Крутаков только чуть слышно со смешком выдыхал в трубку и – по убеждению Елены – тут же, с загадочной интонацией, произносил нечто, совсем к разговору не относящееся:
– Дурррочка ты пррросто молоденькая…
Елена обижалась, швыряла трубку, чуть не упав с разваливающегося Ривкиного стула. Впрочем, в тот же день, заполночь, взяв к себе телефон под одеяло и накрывшись с головой (чтоб не будить посапывавшую в соседней комнате Ривку), на ощупь накручивая дико звонко тренькавшие цифры, перезванивала Крутакову снова, как часы. За новой порцией бесед.
– Мы пррросто с тобой из ррразных эпох… – чуть более смешливым уже, чуть оттаявшим, голосом втемяшивал Крутаков.

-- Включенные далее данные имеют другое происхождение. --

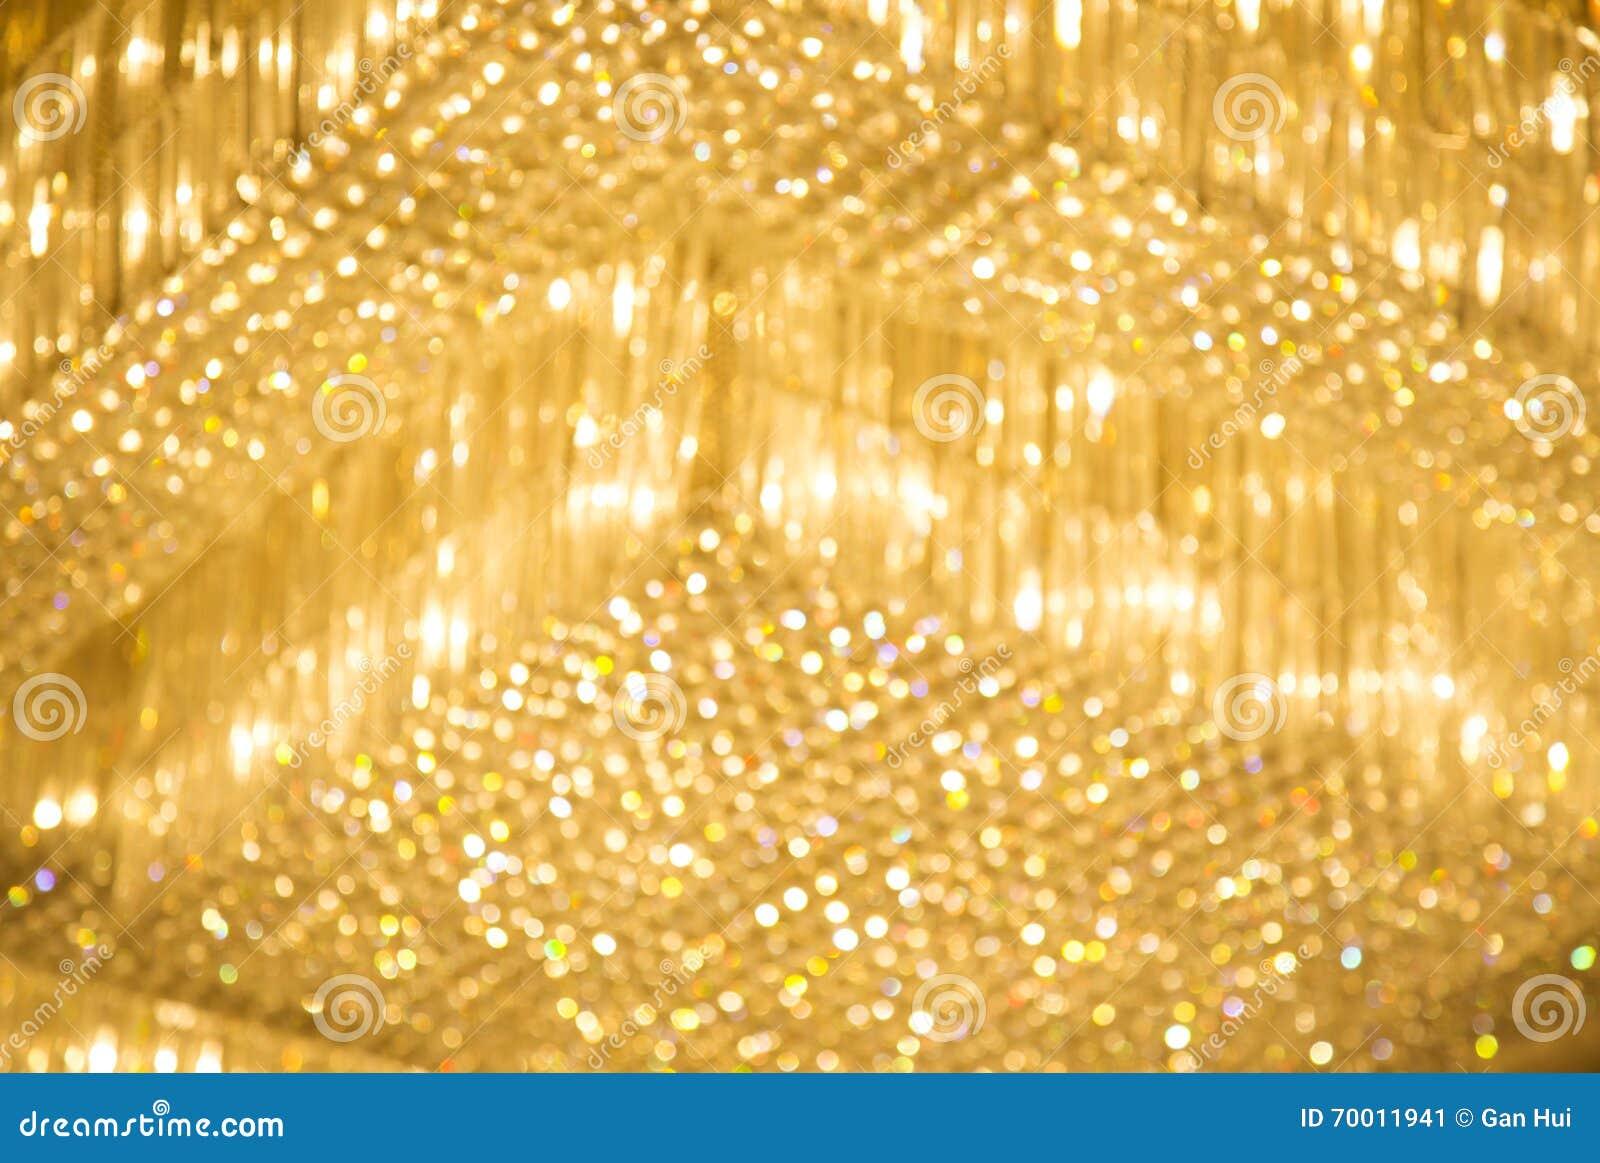 Luces amarillas del hotel en el techo foto de archivo - Luces para el techo ...

– Не матерись, Крутаков, – шепотом отвечала Елена.
– Я не матерррился – не знаю, что тебе послышалось.
– Слово "эпох", Крутаков, произносят обычно люди, чтобы оправдать какую-нибудь гадость! – все так же таинственным шепотом возмущалась Елена, но тут же уже расходилась и забывала про святую тишину: – Или для какой-нибудь пошлятины! Ах, какой герой у нас – продукт своей эпохи! – нагловатым уже, громким, как сама чувствовала – но остановиться уже не могла – голосом, отповедовала ему Елена. – Нет никаких эпох! Есть только один конкретный человек – ты, я – и его выбор.
– Ха-а-рррашо, ха-а-арррашо, все это абсолютная пррравда, – картавил телефонограмму Крутаков (и тот факт, что звучит его голос в абсолютной темноте, у нее под сводами одеяла – добавлял для Елены какой-то удивительнейшей незримой торжественности их ночным спорам) -…но есть вещь, которррой ты не учитываешь: вррремя, опыт – в том числе и негативный – черррез которррый человек, взрррослея, пррроходит. Забудем пррро эпохи – назовем это пррросто-напррросто: возррраст, вррремя. Человек, которррый в два ррраза тебя старррше, никоим обррразом тебе своего опыта объяснить не может. Мы с тобой по опррределению немножно с ррразных планет.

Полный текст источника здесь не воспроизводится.